▶ [Activity]:
Could the listing be repeated exactly, with every picture dropped?

[Given data — start]

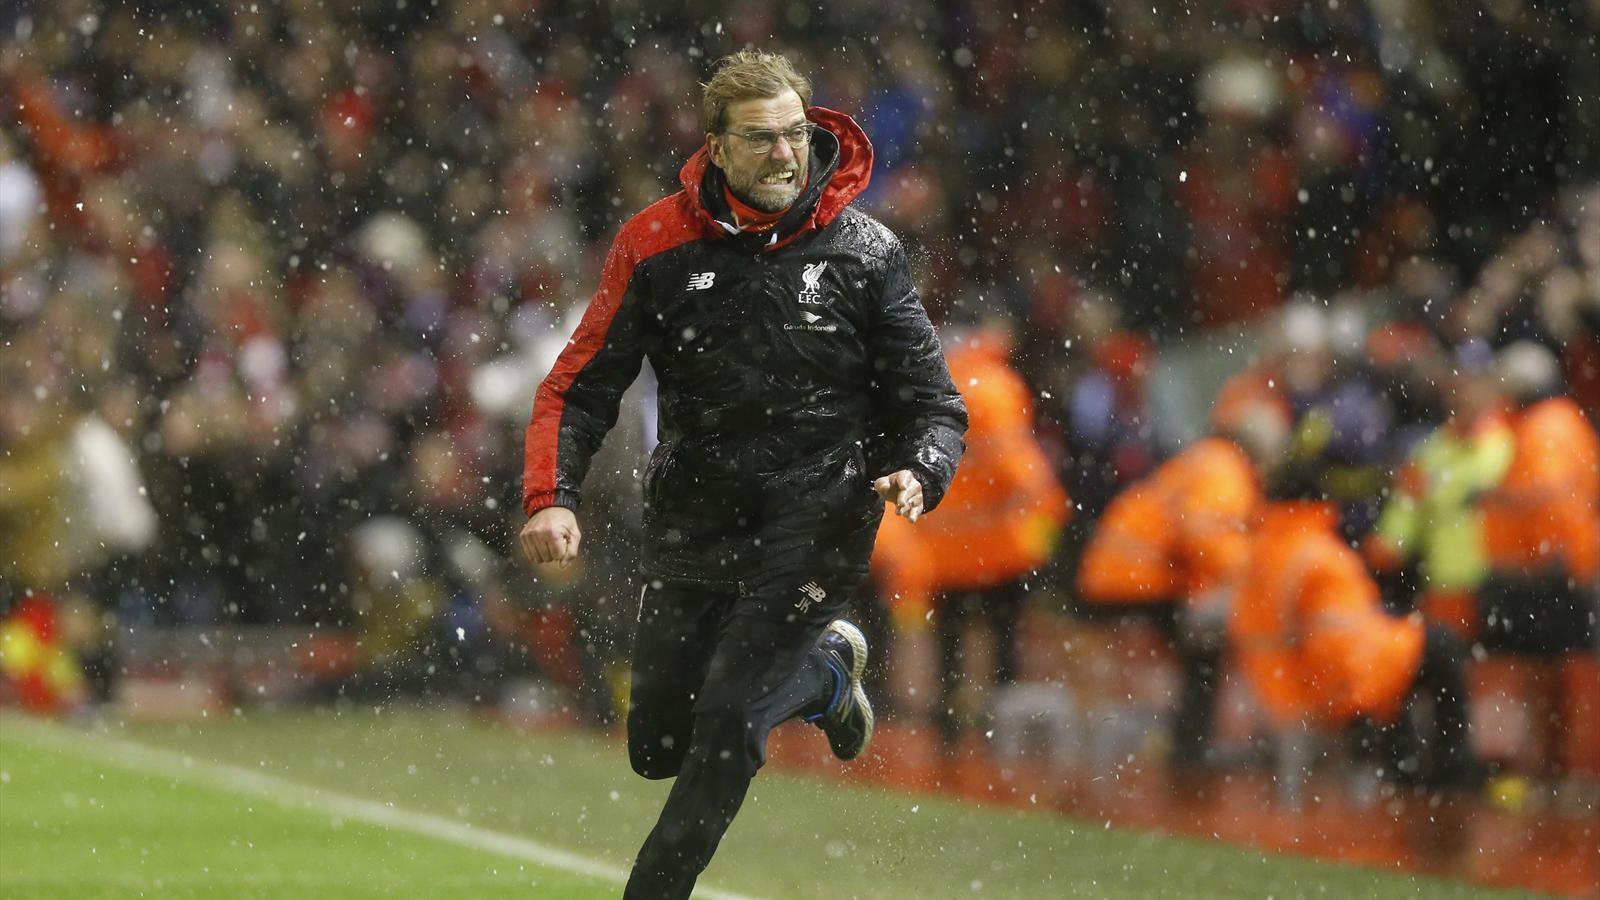 Liverpool manager Jurgen Klopp celebrates after Joe Allen scores against Arsenal
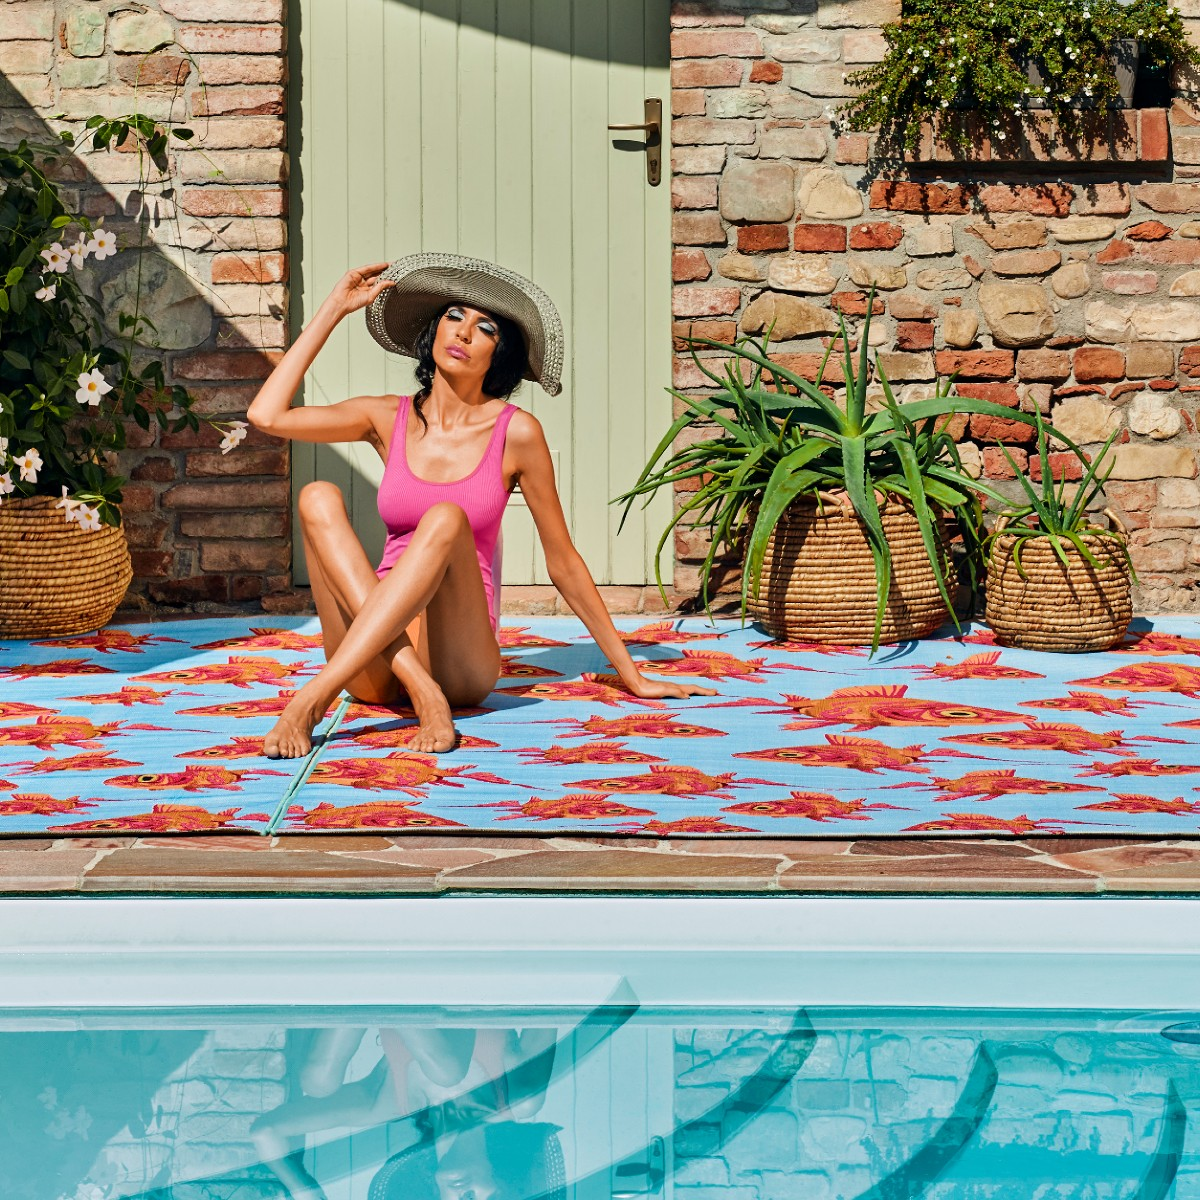 Sitap Carpet Couture Italia-Vacanze a Taormina #SitapEstateItaliana-01
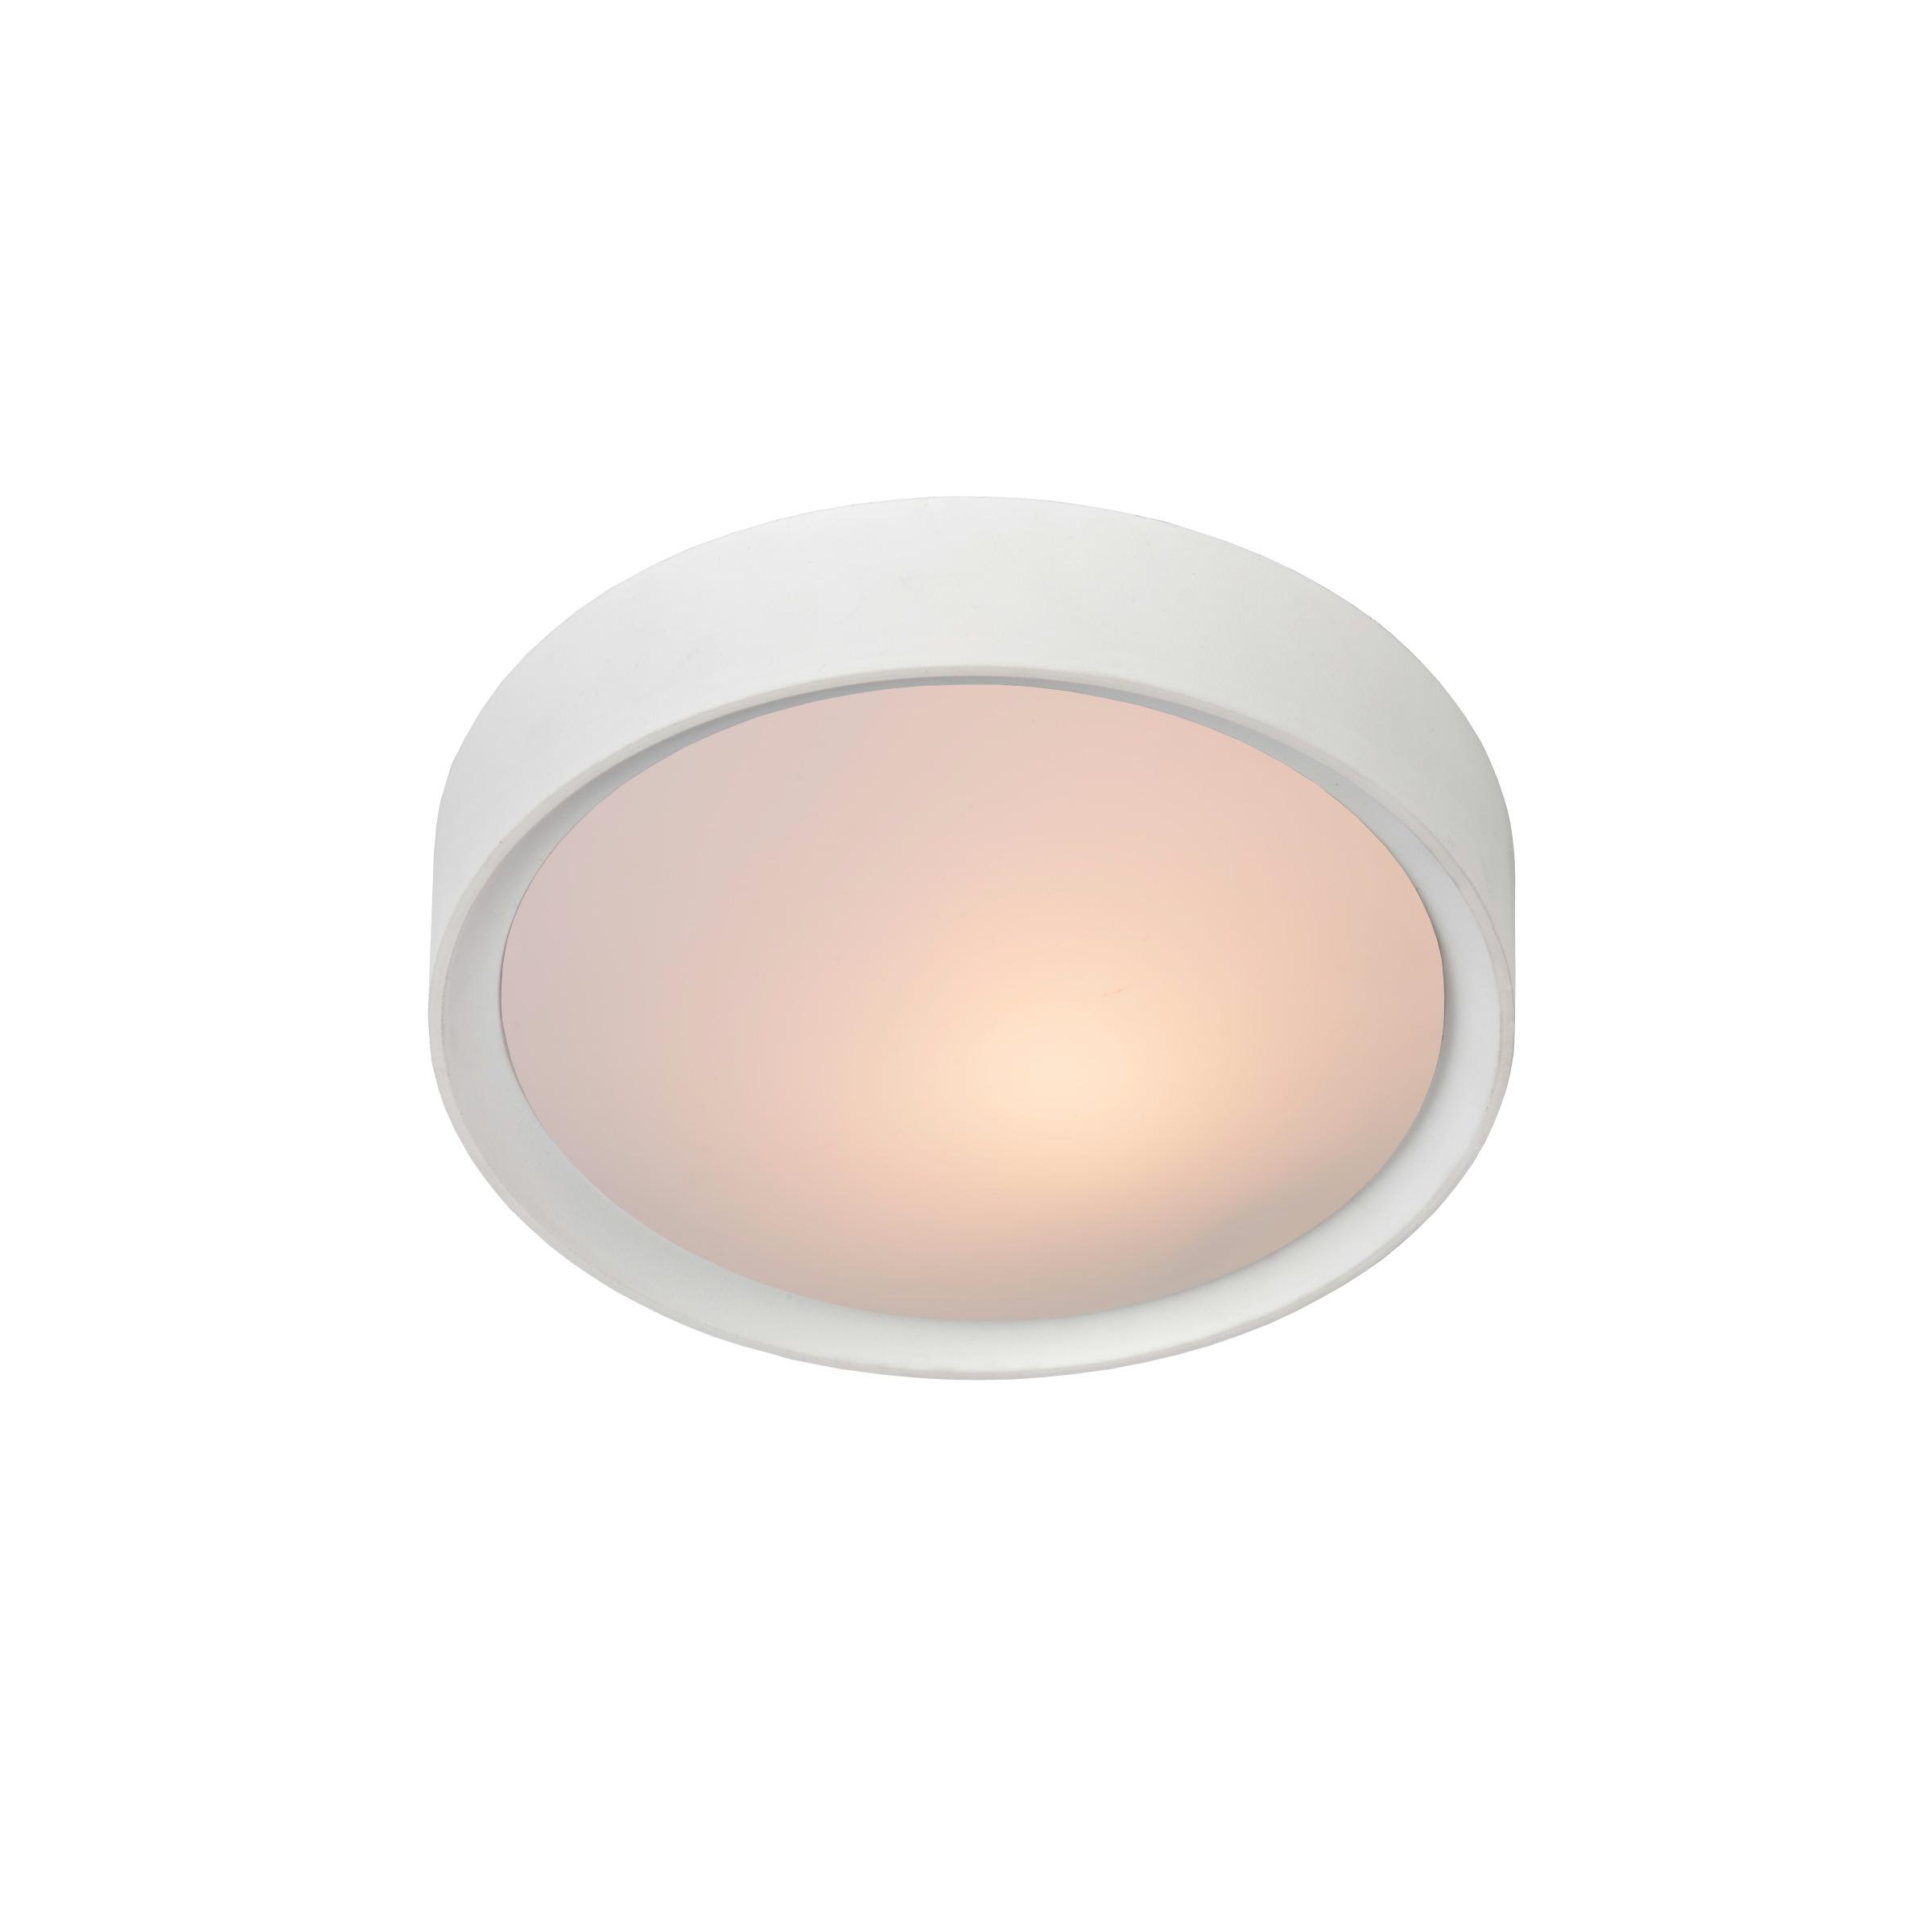 LEX Plafondlamp by Lucide 08109-01-31

[Given data — finish]

▶ [Exercise solution]:
 Liverpool manager Jurgen Klopp celebrates after Joe Allen scores against Arsenal
 Sitap Carpet Couture Italia-Vacanze a Taormina #SitapEstateItaliana-01
 LEX Plafondlamp by Lucide 08109-01-31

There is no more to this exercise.